In general the real benefit with RDNA is the flexibility.
Depending on the code Wave32 or Wave64 is better.
AMD since at least the R600 from 2007 used Wave64, while Nvidia uses Wave32.
Intel is much more flexible, they have (had) Wave4x2 (not anymore iirc) , Wave8, Wave16 and Wave32.
From the energy perspective it's more efficient to have one program pointer for 64 items and issuing 64 items vs. 2x32.
You pay less front-end overhead for larger Wavefronts than for smaller one.
There is also code where you might have less computing overhead with larger Wavefronts than with smaller ones.
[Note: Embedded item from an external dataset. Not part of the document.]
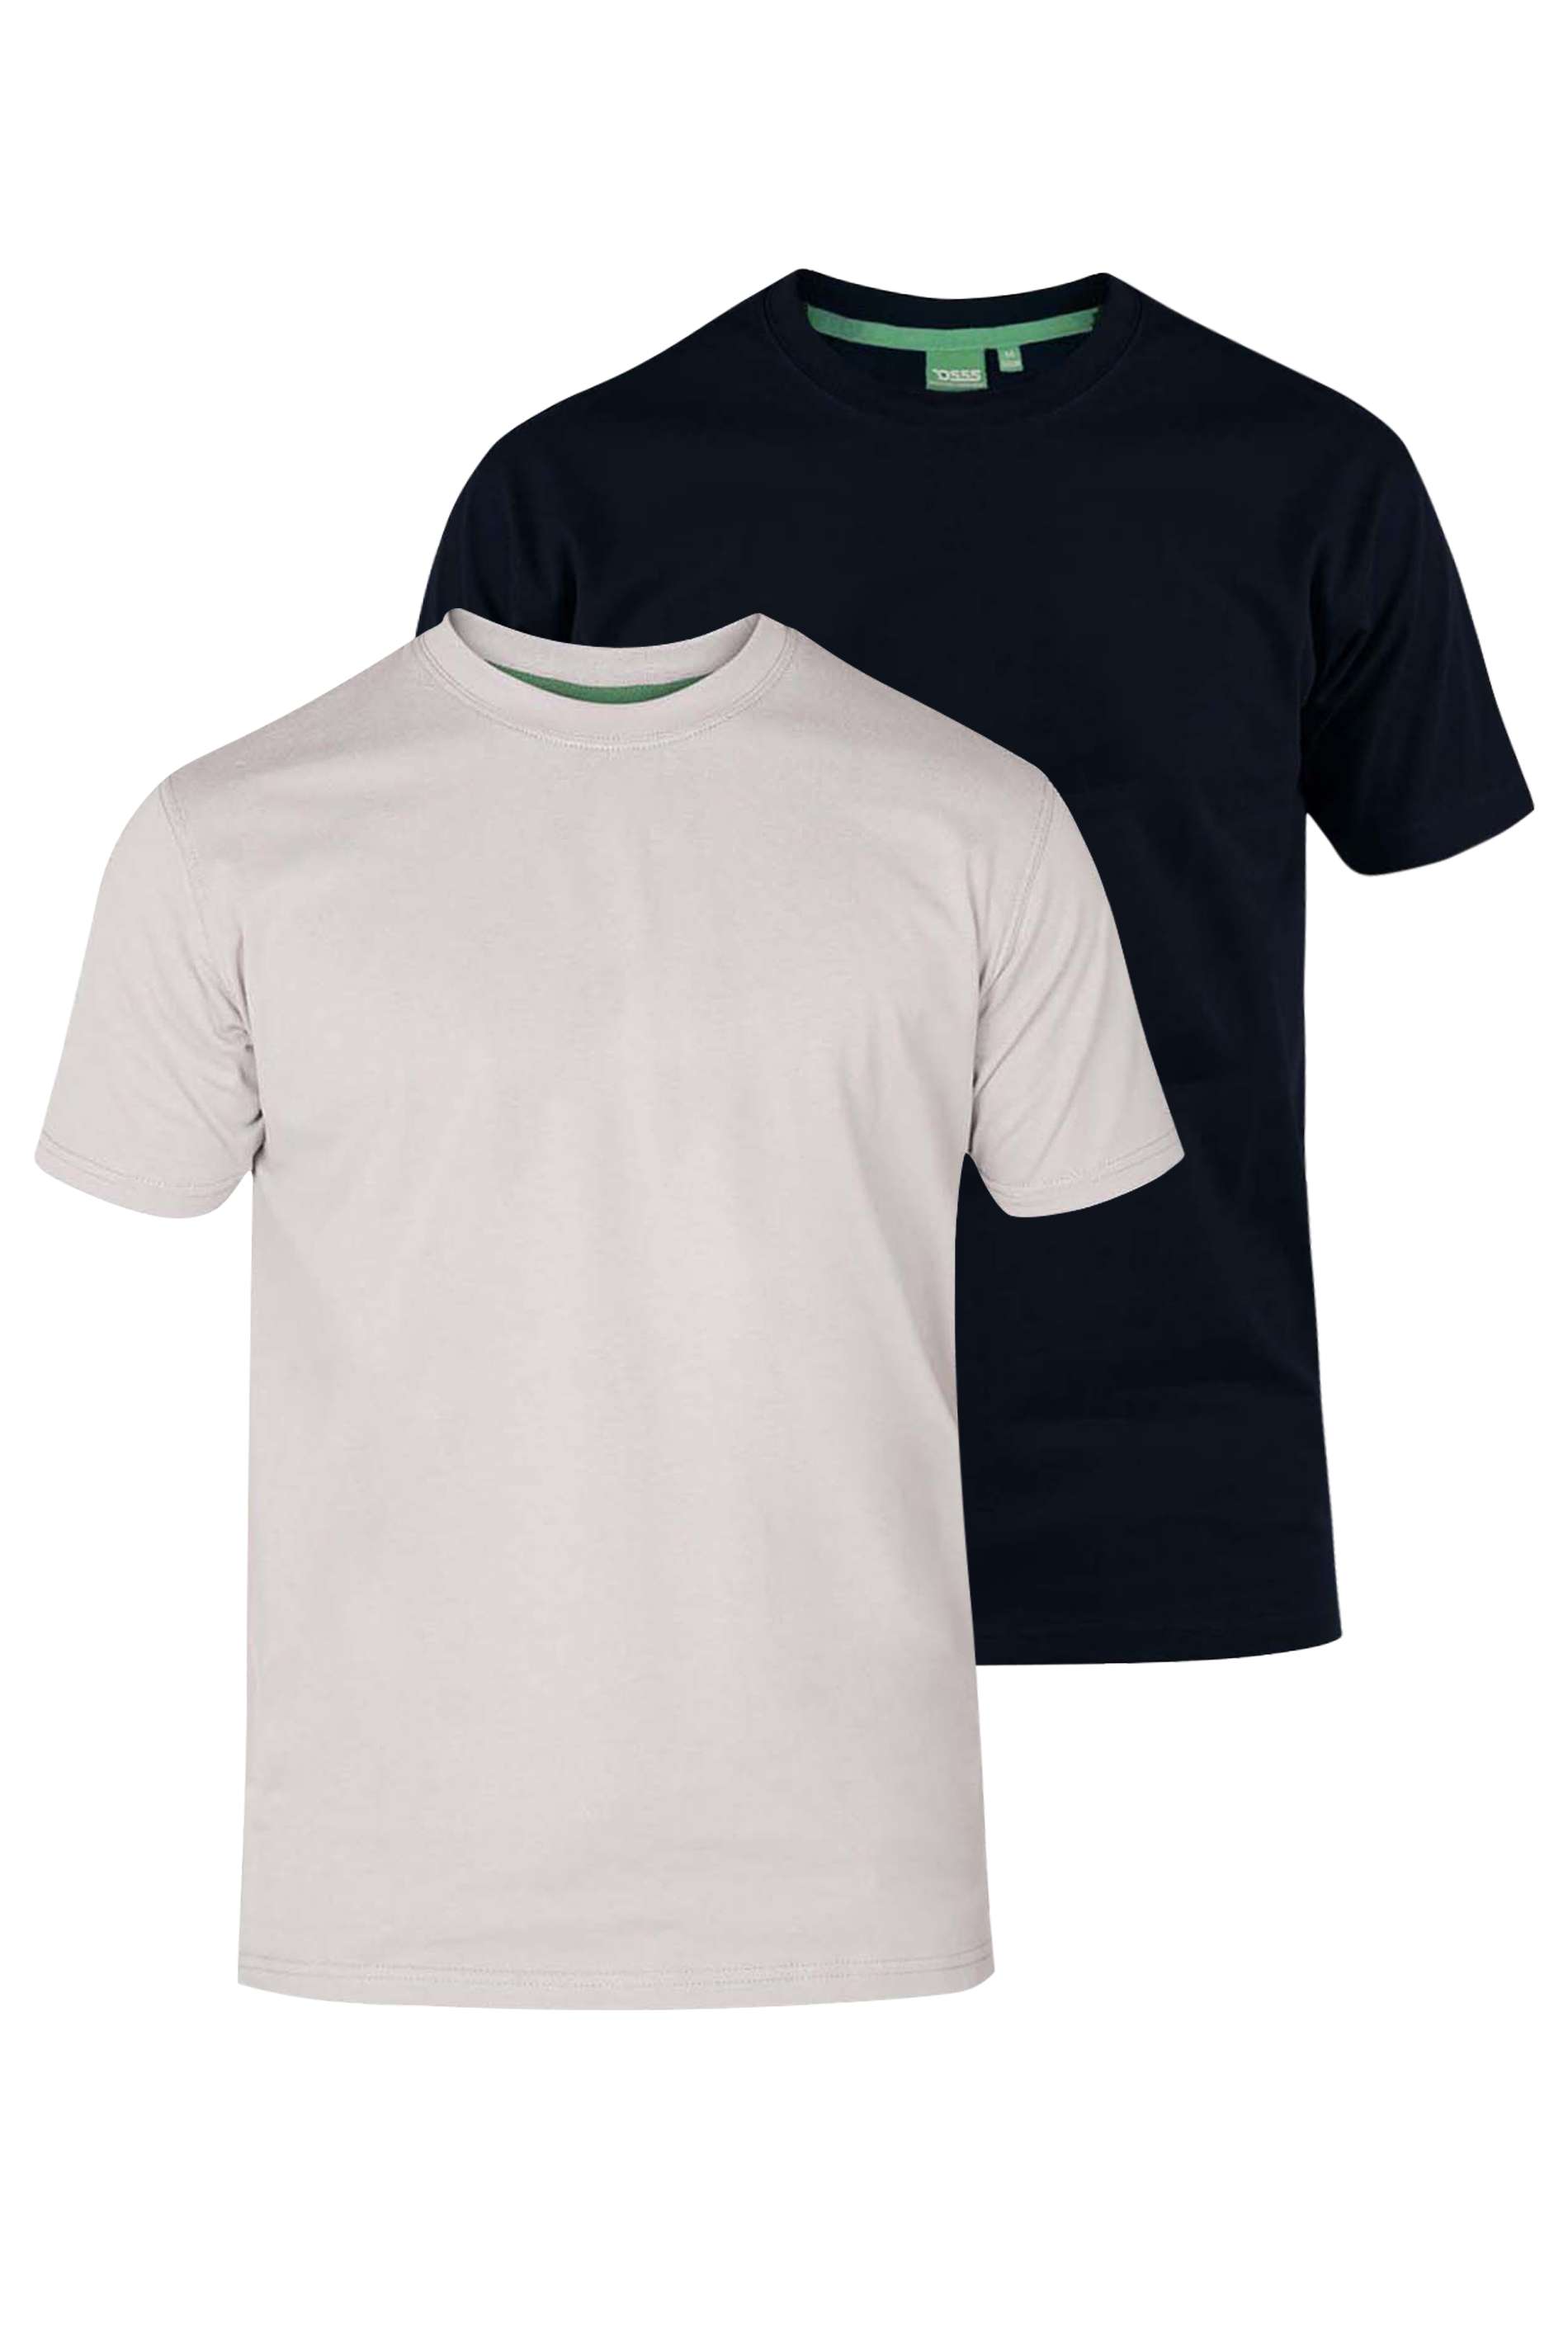 D555 Big & Tall 2 PACK Black & White T-Shirts 1

On the other side large Wavefronts take up more registers and have a longer resource lifetime if the architecture isn't computing all elements at once.
Also branching costs are (much) higher with larger Wavefronts:
In the worst case only one thread of 64 might do something, so the unit utilization is at 1/64 while with Wave32 it is at least at 1/32.
With RDNA AMD has the choice to use either Wave mode depending on when it's more efficient in comparison to the other one.
In comparison to GCN RDNA brings some pros and cons.
For Wave64 the pro stuff is that AMD can change quicker to a new Wavefront, also the register-file per SIMD for one Wavefront is now 128KB large in contrast to 64KB.
A negative aspect is the latency, for dependent instructions RDNA needs 5 clock cycles, so you would need at least three Wave64 to mask the waiting time.
GCN can be occupied with just one Wave64.
But all of that is very low level stuff and depends on a lot of factors.
Especially for a layman it's hard to say how much of a benefit or disadvantage X vs. Y is in practise.